The model was developed from 63 male Sprague-Dawley rats (Harlan Nederlands B.V.; body weight 220-367 g) studied at AstraZeneca R&D Molndal, Sweden. Rats were instrumented with arterial (carotid) and venous (jugular) catheters and allowed 5-8 days of recovery. They were fasted 14 h prior to dosing and throughout the experiment.

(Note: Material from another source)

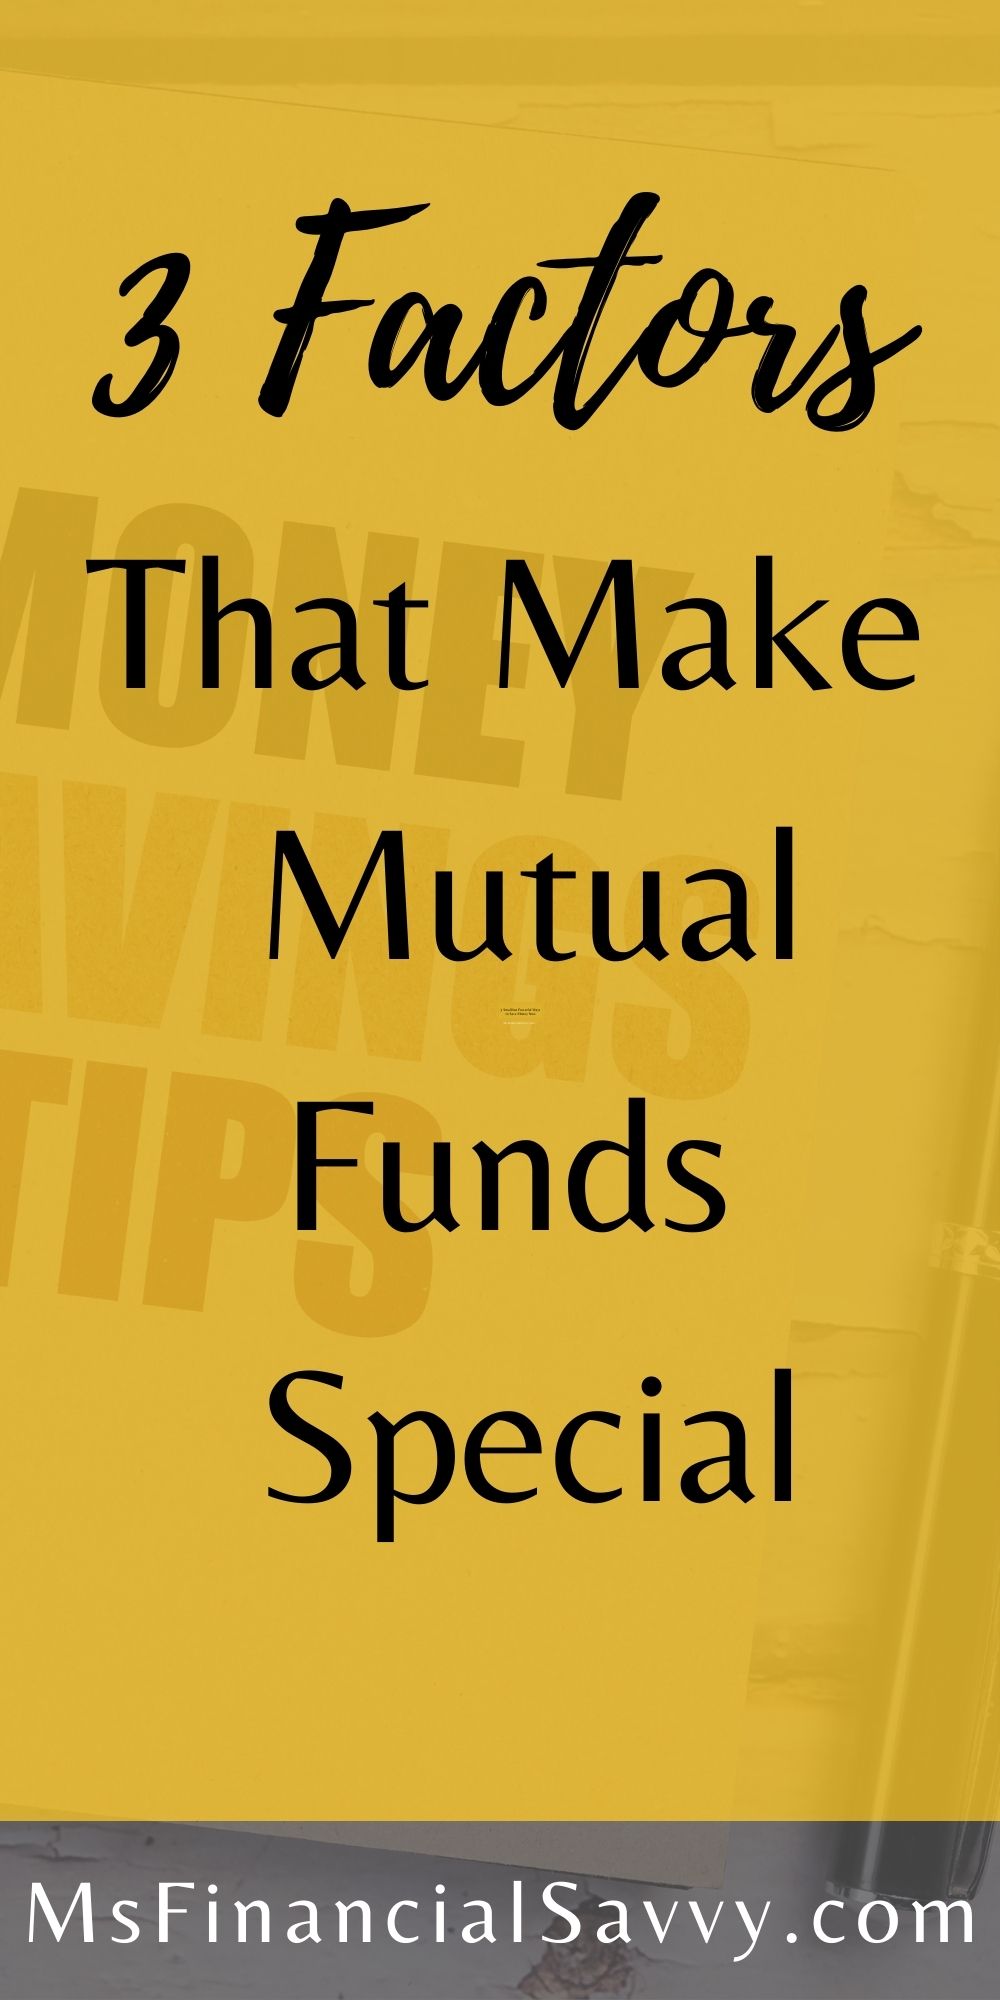 3 factors that make mutual funds special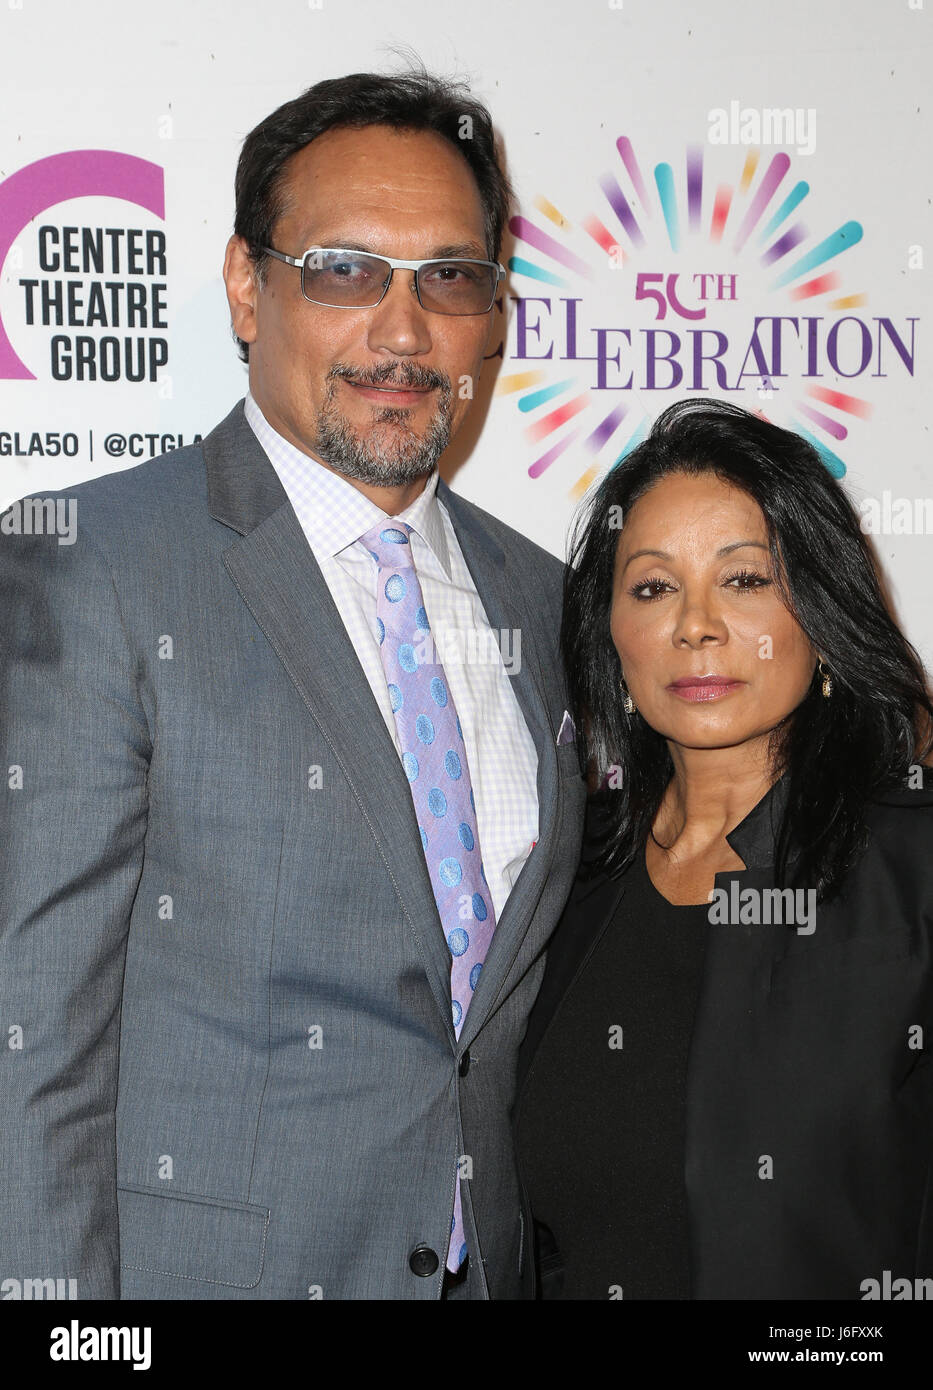 Los Angeles, Ca, USA. 20th May, 2017. Jimmy Smits, Wanda De Jesus, At Center Theatre Group's 50th Anniversary Celebration At Ahmanson Theatre In California on May 20, 2017. Credit: Fs/Media Punch/Alamy Live News Stock Photo

Animals received an IV constant-rate infusion of nicotinic acid (NiAc) or vehicle in 8 groups: vehicle / 1 / 5 / 20 umol/kg over 30 min (n = 10 / 4 / 8 / 9) and vehicle / 5 / 10 / 51 umol/kg over 300 min (n = 8 / 9 / 8 / 7). NiAc was measured by LC-MS (LLOQ 1 nmol/L, linear 0.001-28 umol/L) and NEFA by enzymatic colorimetric assay.

Endogenous NiAc was estimated to be 6.8 nmol/L on average (population range 4.8-15 nmol/L per Eq. 12 / Appendix A); baseline NEFA ranged 0.3-1.1 mmol/L.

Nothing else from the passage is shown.